I guess you could, but personally I like the reassurance of having the coolant all drain out & then add fresh coolant separately.
@@FixItWithJon draining by disconnecting hose on radiator? but there will still be some old coolant in system, as i need to clean it out since i need to replace cabin heater that was blocked
@@vojkostar Yep - fair enough. I have a coolant flush video in the works, but for now: Drain with the engine cold, from the radiator bottom hose. Refill with distilled water, run engine up, cool engine, drain again. Repeat as many times as you feel you need (generally 3 is plenty). Then you can be sure all debris is out. You can also use a coolant drain additive to aid the process: geni.us/YIIyddh. Then fill up and bleed as per this video. Hope that helps?

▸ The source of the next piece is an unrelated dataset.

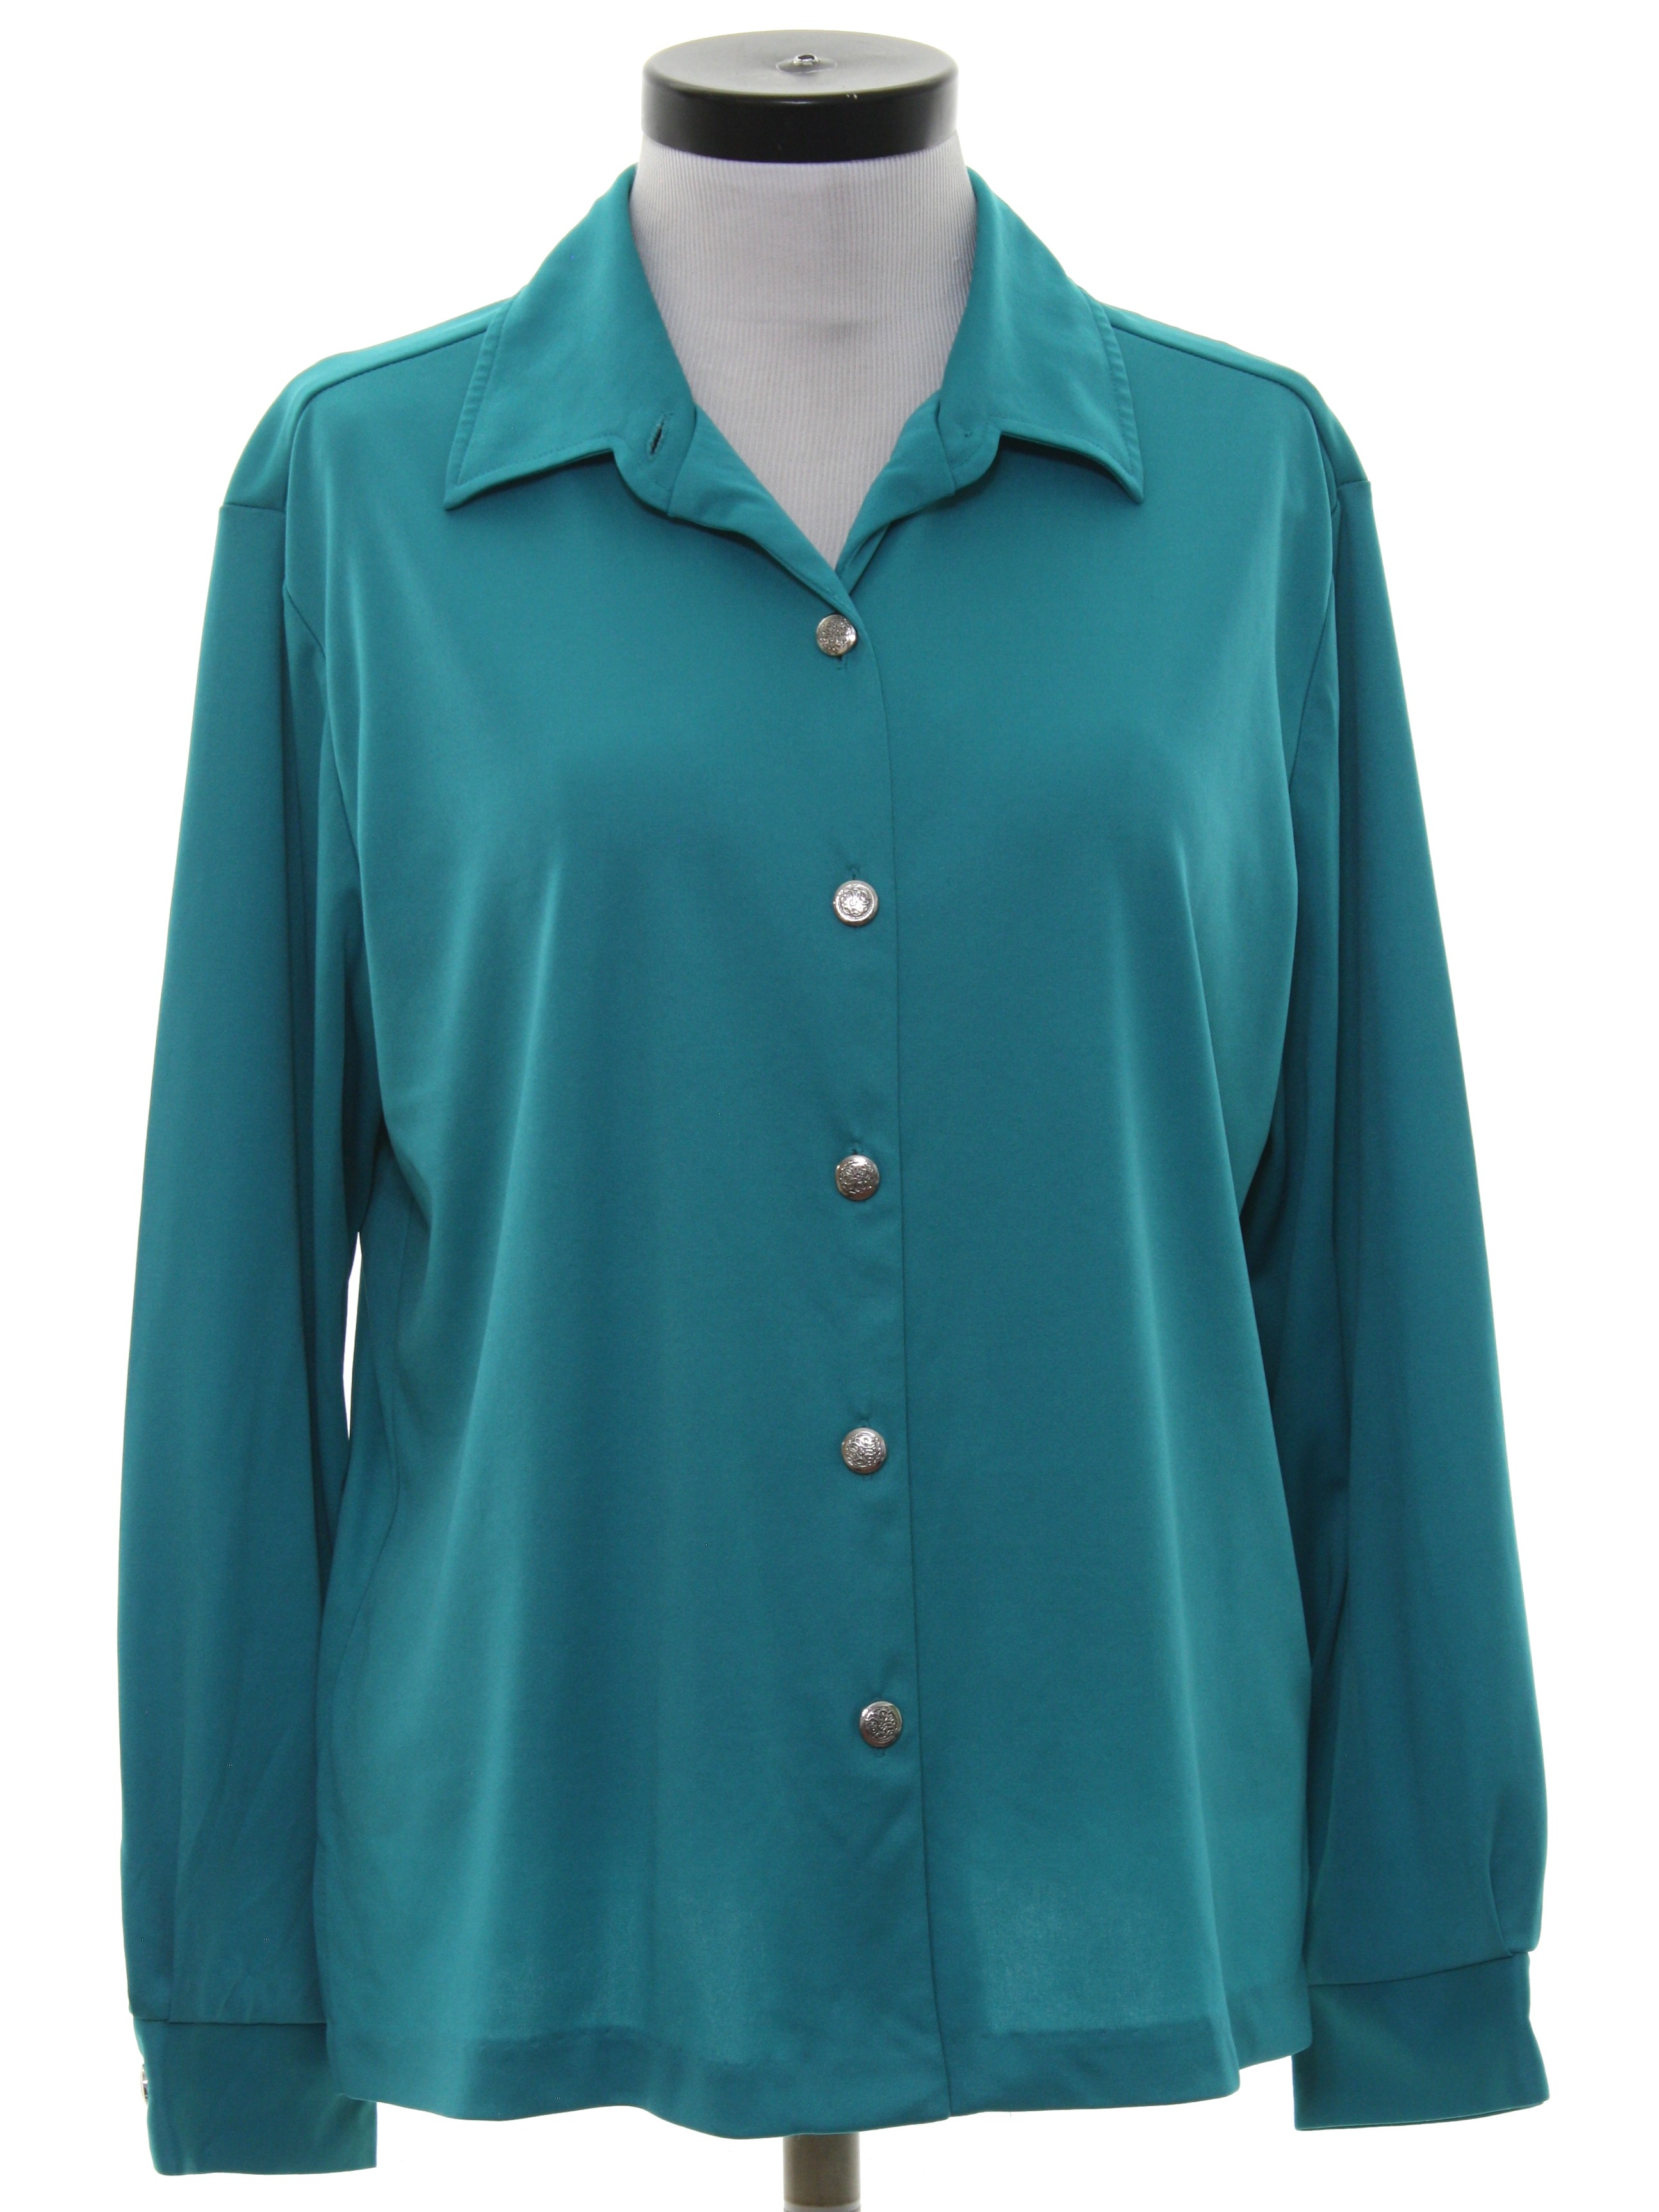 Retro 80's Shirt: 80s -Haband- Womens teal background slinky polyester ...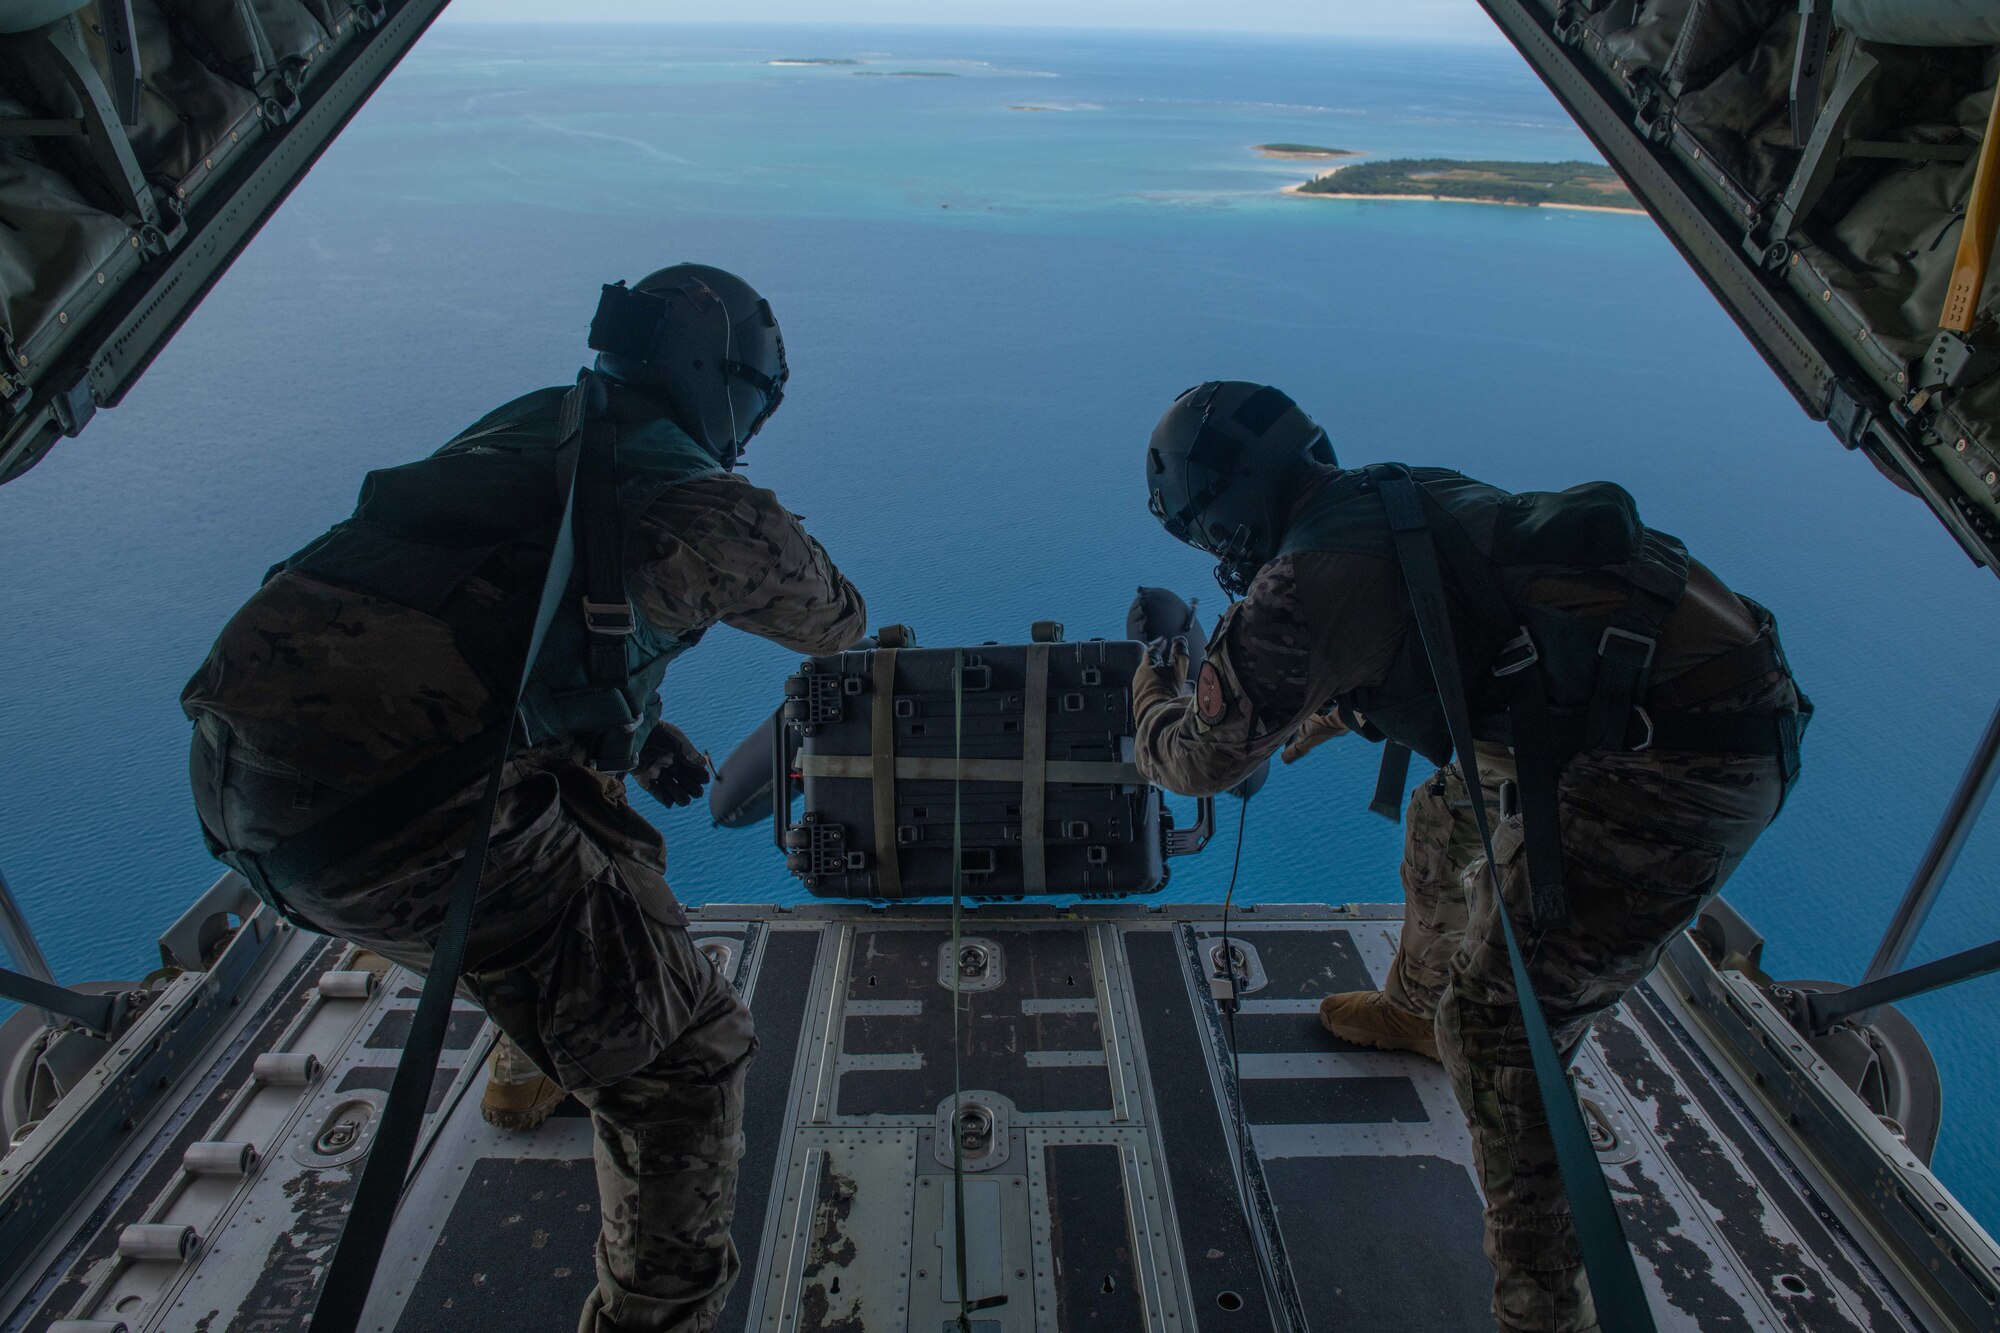 U.S. Air Force HC-130J Super Hercules loadmasters assigned to the 79th Rescue Squadron from Davis-Monthan Air Force Base drop rescue equipment off the ramp during open water rescue training off the shores of Okinawa, Japan, July 20, 2023. The squadron worked with Kadena’s 31st and 33rd RQS, conducting a realistic training scenario for crews to enhance their knowledge on rescue operations. (U.S. Air Force photo by Senior Airman Cedrique Oldaker)

@@FixItWithJon you fill distiled water directly in radiator and expansion tank, is there procedure where do i am adding water when it is starting circulating when engine is running
U mnie nie trzeba wcisnąć pedałów hamulca. Pokazuje ze uruchomione. Po chwili zakańcza ze wzgledow bezpieczeństwa. Please help. Crafter II 2.0btdi
Were can I get a VCDS from? Thank you
Aliiexpress :D
Hello, can a coolant or radiator flush be performed withoot using VCDS at all? this seems so complicated or rather confusing. why didn't you show what you were doing to drain the system while using the VCDs so is DIYers could learn visually? Thank you for the video btw!!
Unfortunately not on modern VAG cars buddy. It’s because they don’t just have one mechanical water pump - there’s 2 electrical water pumps too. The ONLY way to get past those is an active bleeding process.
Hi Jon - Does this work on a 2002 A6 2.5 TDI?
Hiya, I’m not sure but my feeling is probably not. It works on the 2016 Skoda because of the electric coolant pumps in the system. With a vehicle as old as yours I would imagine that it would only have a mechanical coolant pump and therefore this process wouldn’t be applicable. Hope that makes sense?